In looking at the banner ad, it looks like the company employed a “20%” approach to the inclusion of safety information. This approach includes a scroll bar for the user to obtain additional safety information, but devotes 20% of the visual field to safety information as balance. In this Dsuvia banner ad, that amount of space was not enough to present the full, all caps title from the Boxed Warning. Although somewhat consistent with how industry treats digital banner ads (although arguable that 20% of an ad would be sufficient balance for an opioid with significant safety concerns and a REMS), companies should be mindful, not only of spacing, but of the substantive safety information in view.
FDA also cited both the digital banner as well as a print flyer for failing to present information relating to the Boxed Warning, Contraindications, Warnings and Precautions, and Adverse Reactions “with a prominence and readability reasonably comparable with the presentation of information relating to the benefits” of the drug. FDA cites “typography, layout, contrast, headlines, paragraphing, white space, and other techniques” as affecting readability and emphasis. FDA also highlights that “risk information is relegated farther down in paragraph format with less prominence.”
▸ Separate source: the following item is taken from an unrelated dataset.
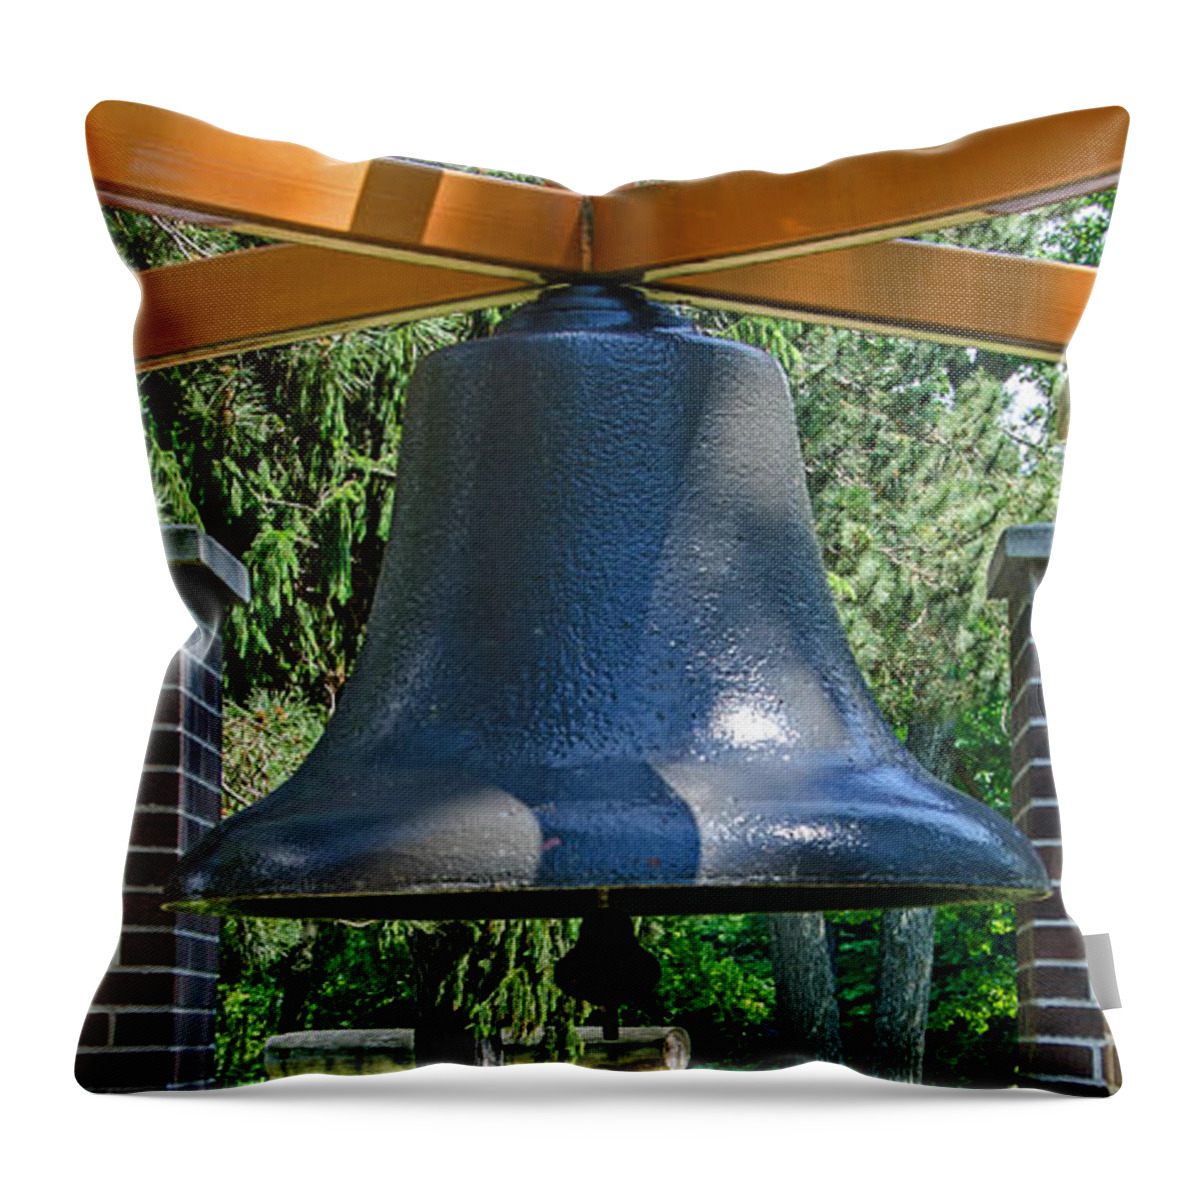 Bell Tower Throw Pillow featuring the photograph Original Fire Bell From The Superior Fire Dept In Wisconsin 1892 by Susan McMenamin

The key takeaways here are not new: minimizing safety, particularly for a drug with serious risks, will likely trigger FDA enforcement (no matter how sleepy OPDP may seem). The issues cited by OPDP are those clearly outlined in its 2009 Draft Guidance – which was not exactly revolutionary at the time it was originally published and simply summarized points made in prior DDMAC Warning and Untitled Letters. Many of the techniques utilized by AcelRx, and objected to by OPDP, are those employed across industry. One has to question whether lack of OPDP enforcement has led, to a certain degree, to industry falling back into old habits – with safety information “below the line,” at the end of a piece, in small font with running text. While it may have been the nature of this promotion in the midst of the opioid crisis that stirred FDA to action, the issues OPDP called out are nevertheless ones even non-opioid manufacturers might want to reconsider in light of this letter.